### What needs to be done:
Retype each line of the material exactly, please, skipping any picture in it.

### Supplied data:
§ §
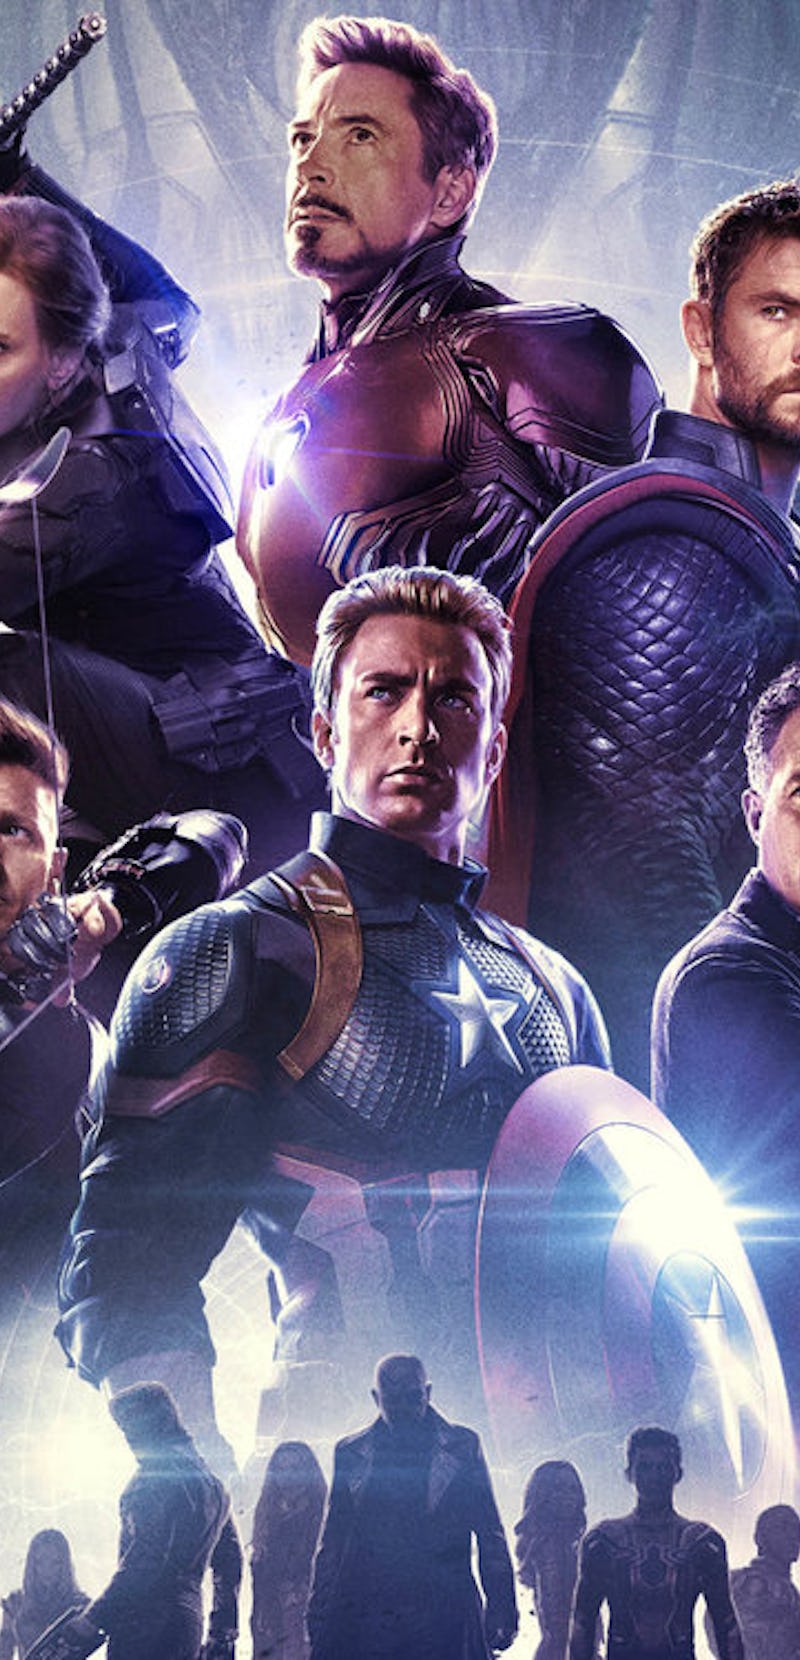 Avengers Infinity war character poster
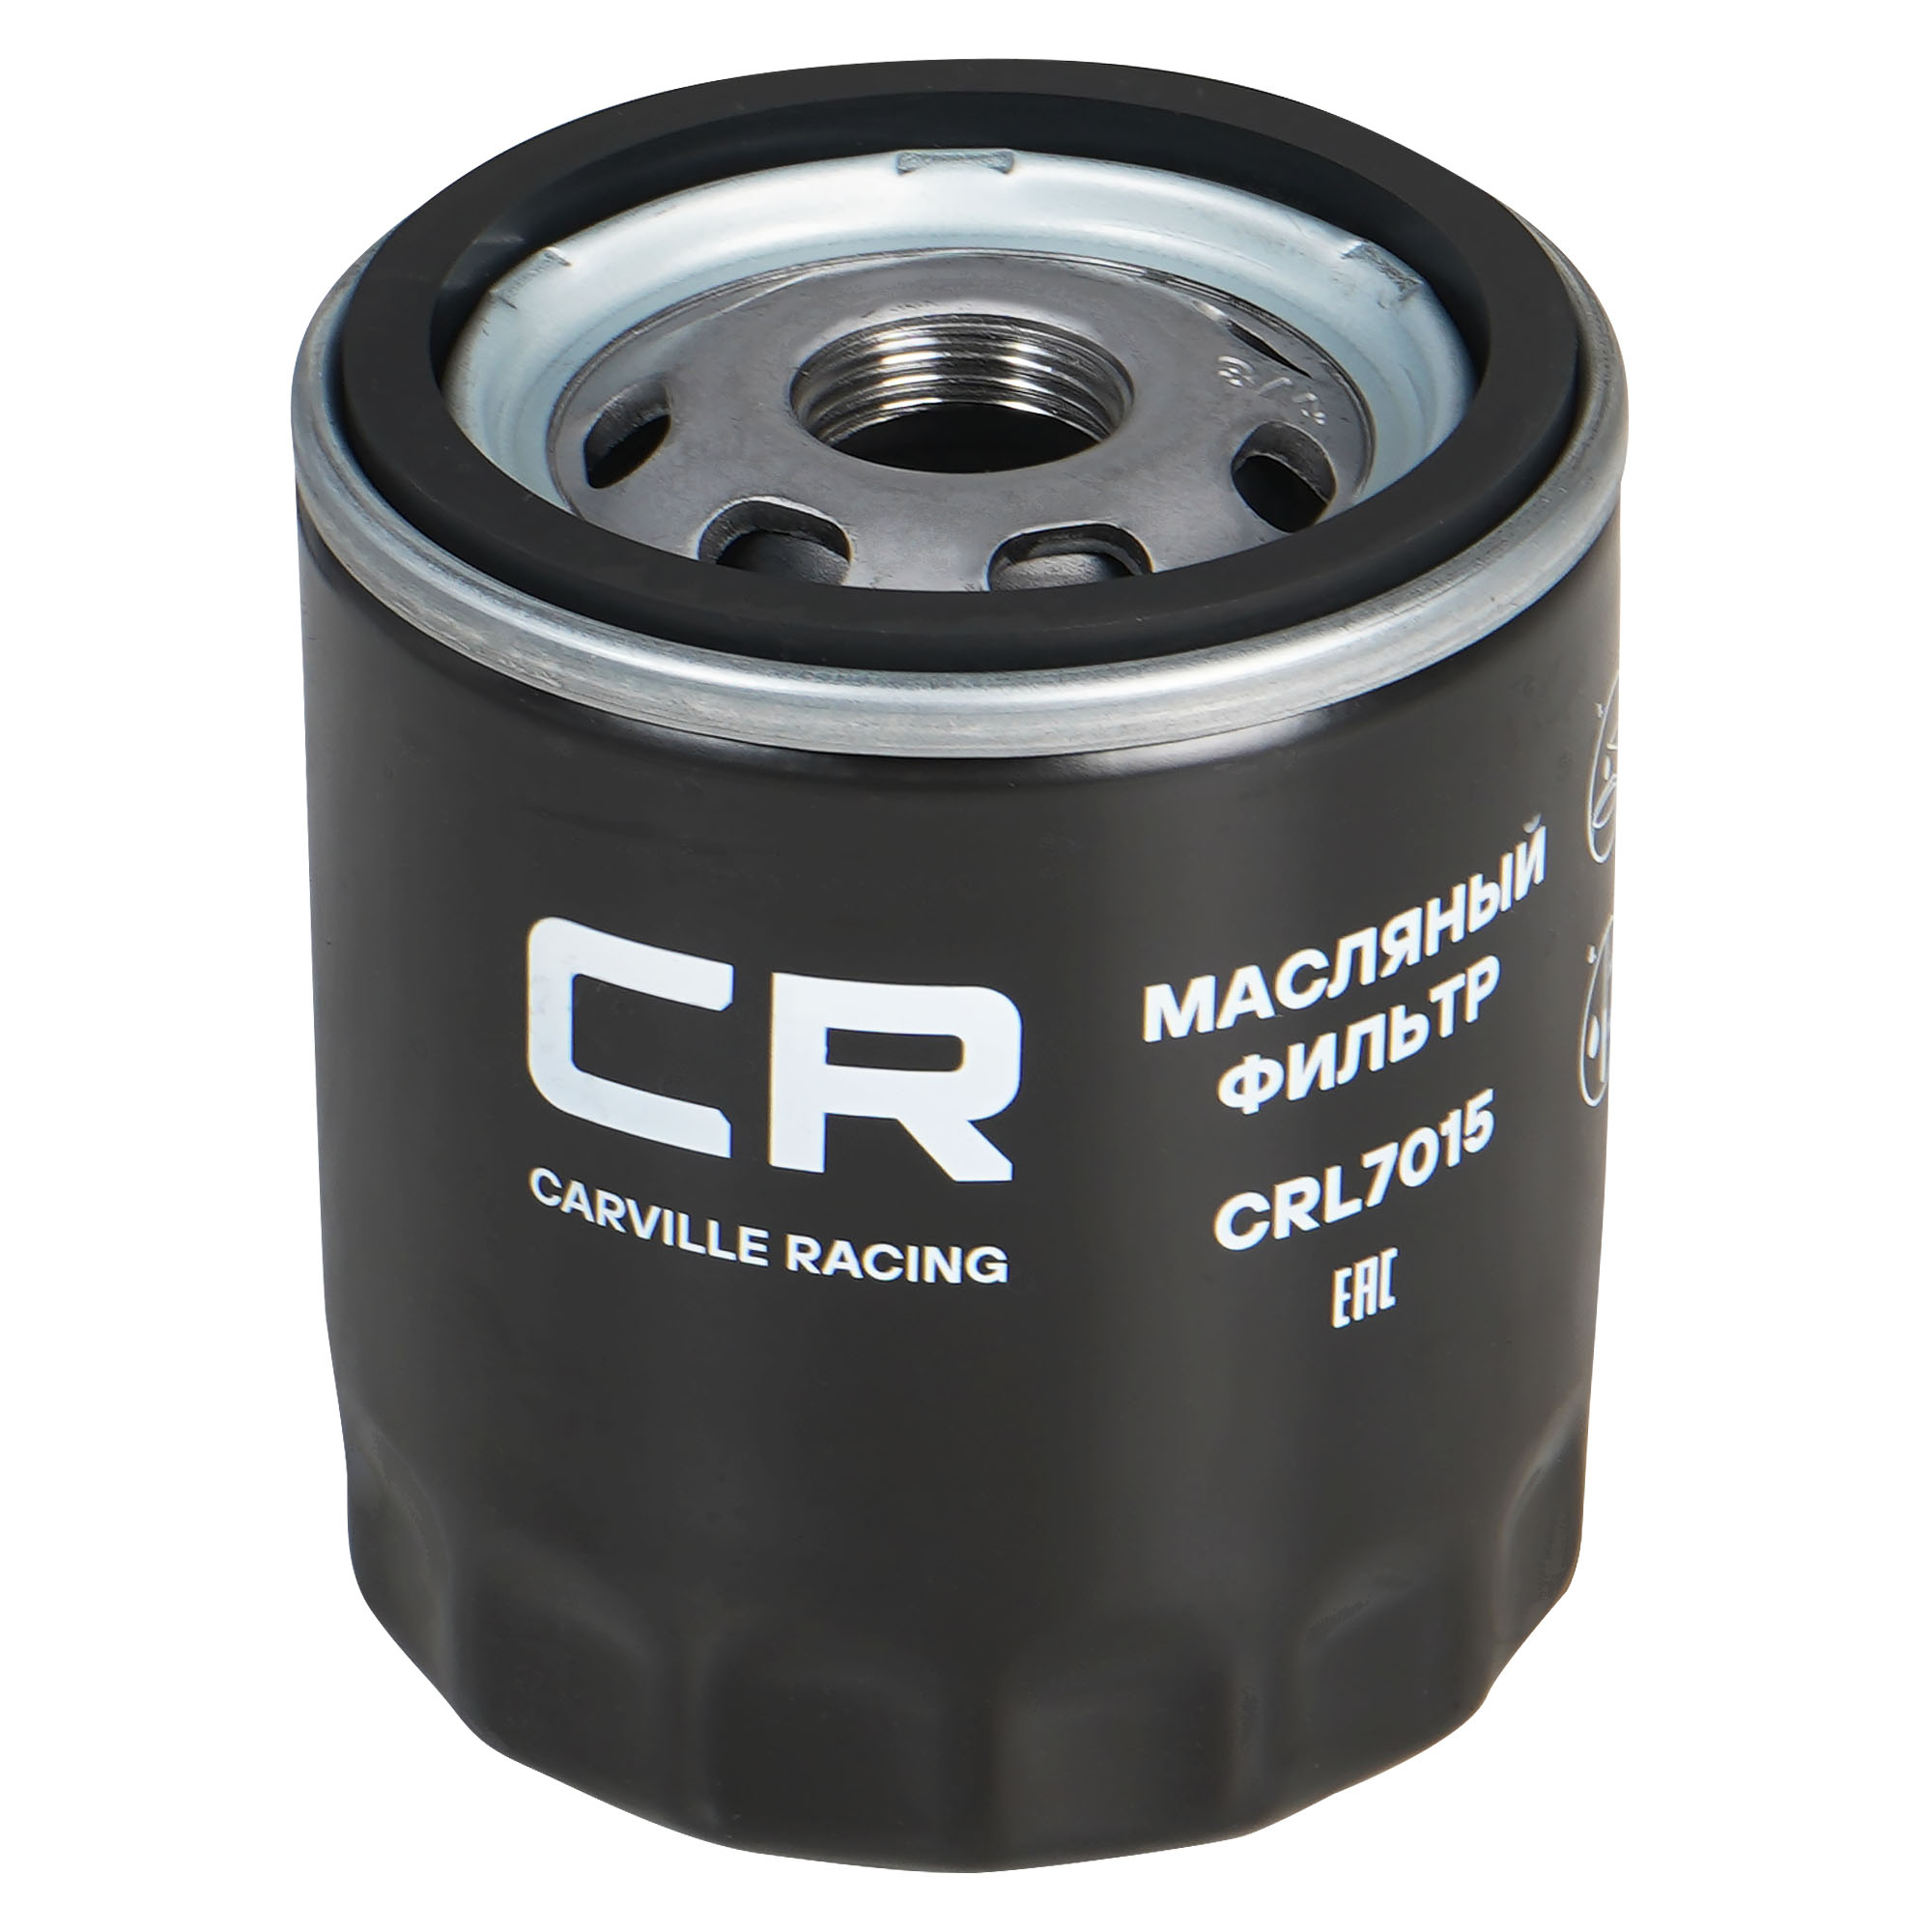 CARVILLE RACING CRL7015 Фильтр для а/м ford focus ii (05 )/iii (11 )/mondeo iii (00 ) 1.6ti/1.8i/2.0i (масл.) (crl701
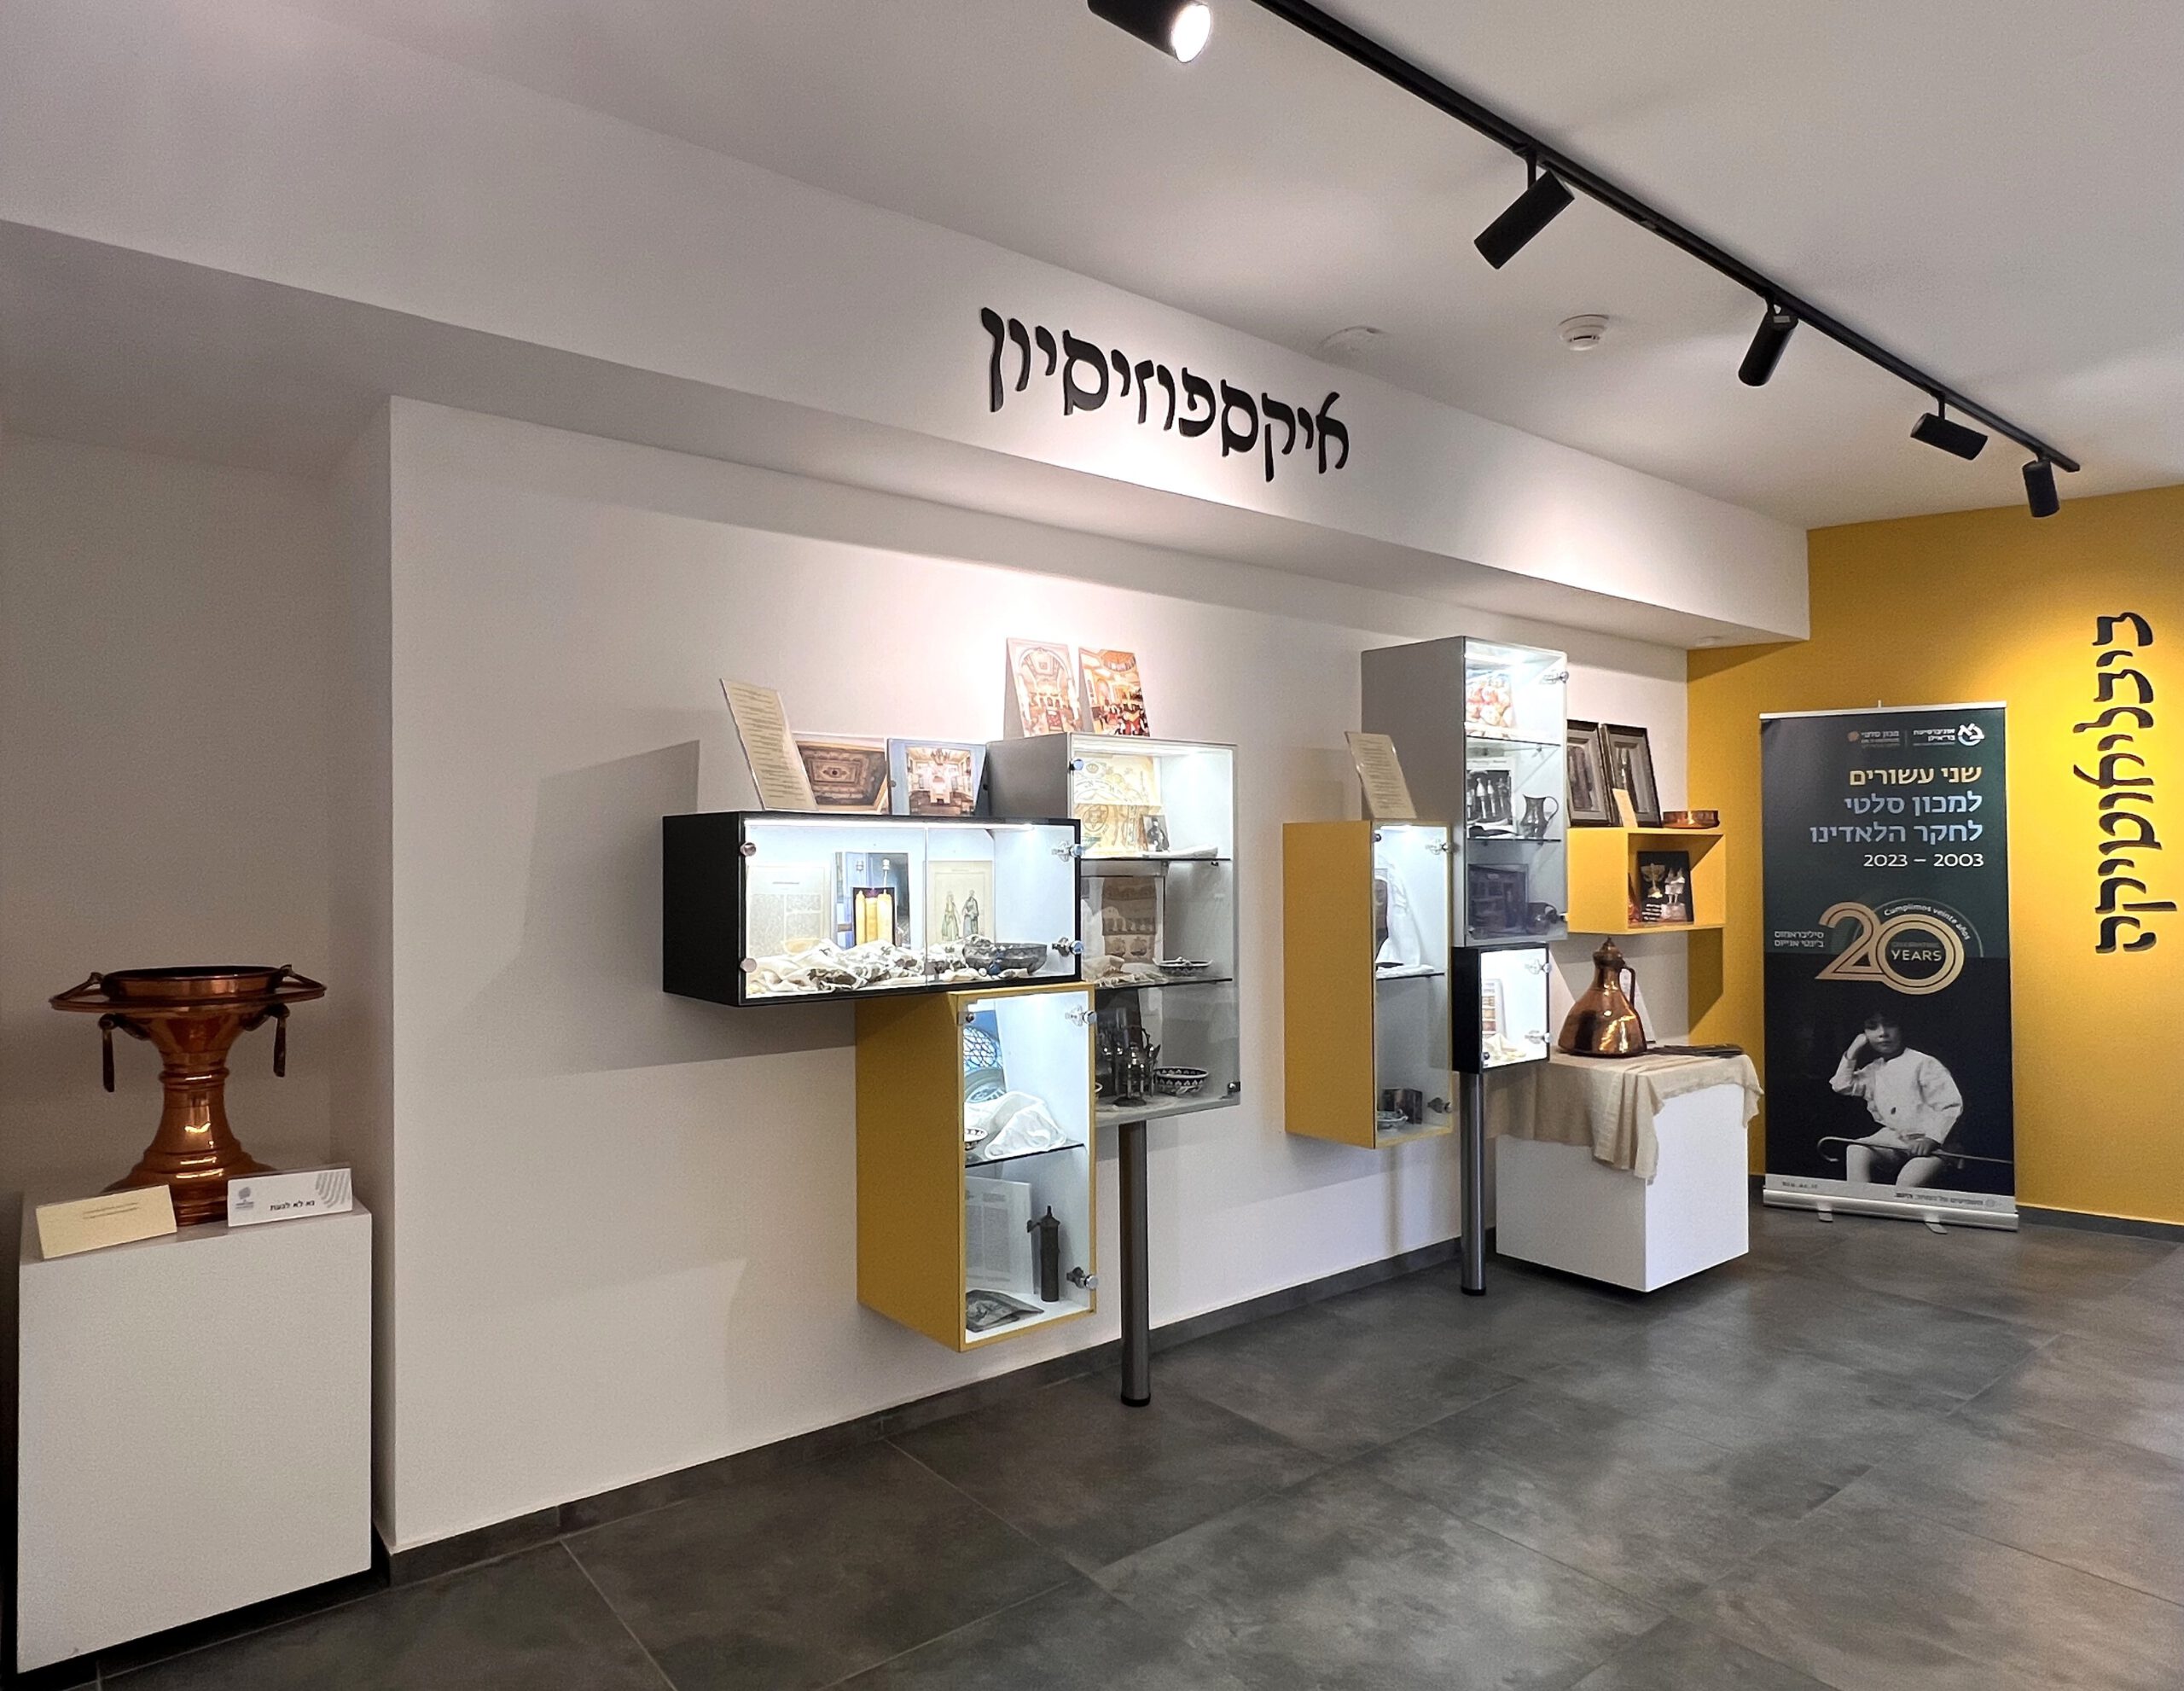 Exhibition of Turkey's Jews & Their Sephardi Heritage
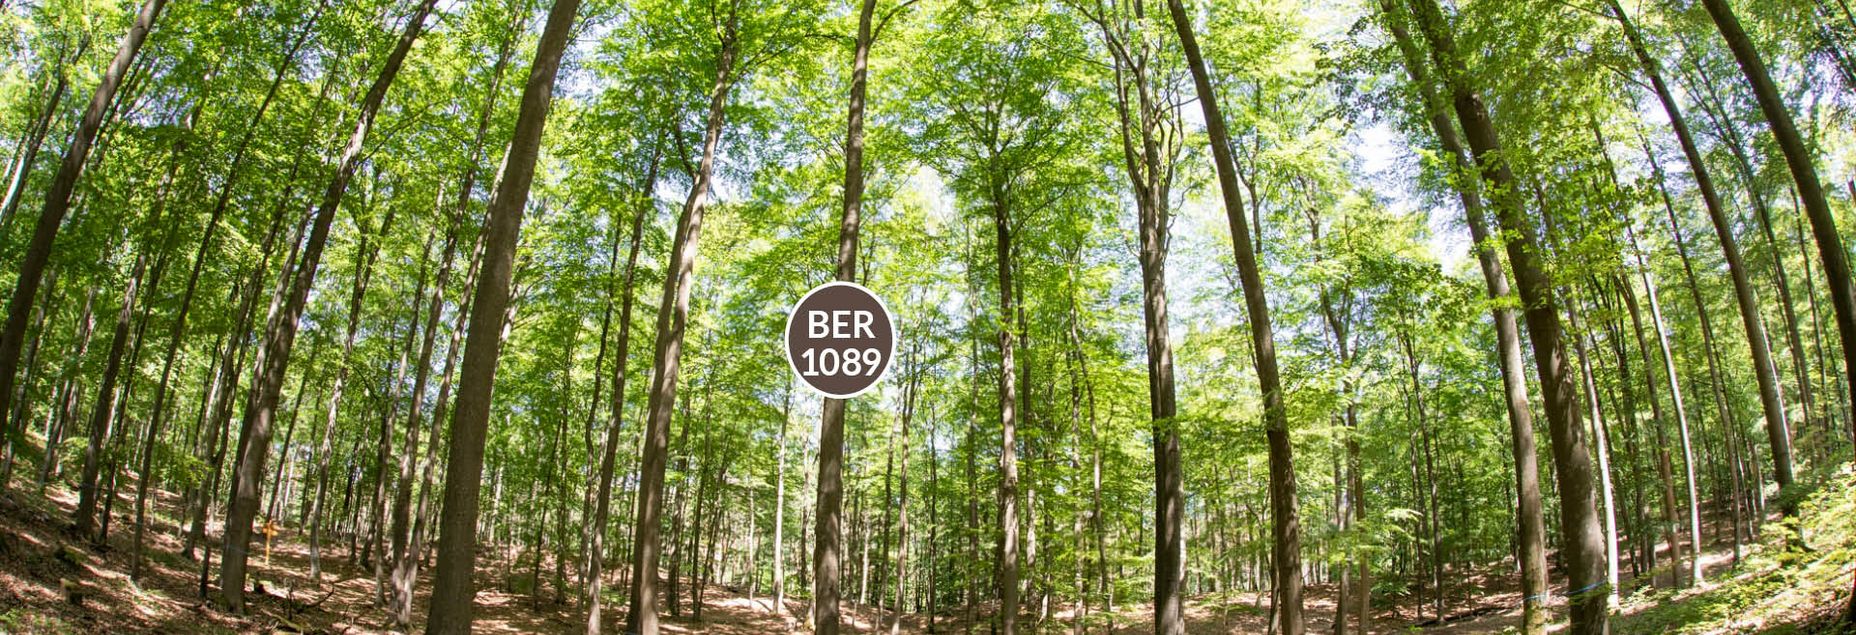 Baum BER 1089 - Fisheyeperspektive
§ §
### Reply:
 Avengers Infinity war character poster
 CARVILLE RACING CRL7015 Фильтр для а/м ford focus ii (05 )/iii (11 )/mondeo iii (00 ) 1.6ti/1.8i/2.0i (масл.) (crl701
 Exhibition of Turkey's Jews & Their Sephardi Heritage
 Baum BER 1089 - Fisheyeperspektive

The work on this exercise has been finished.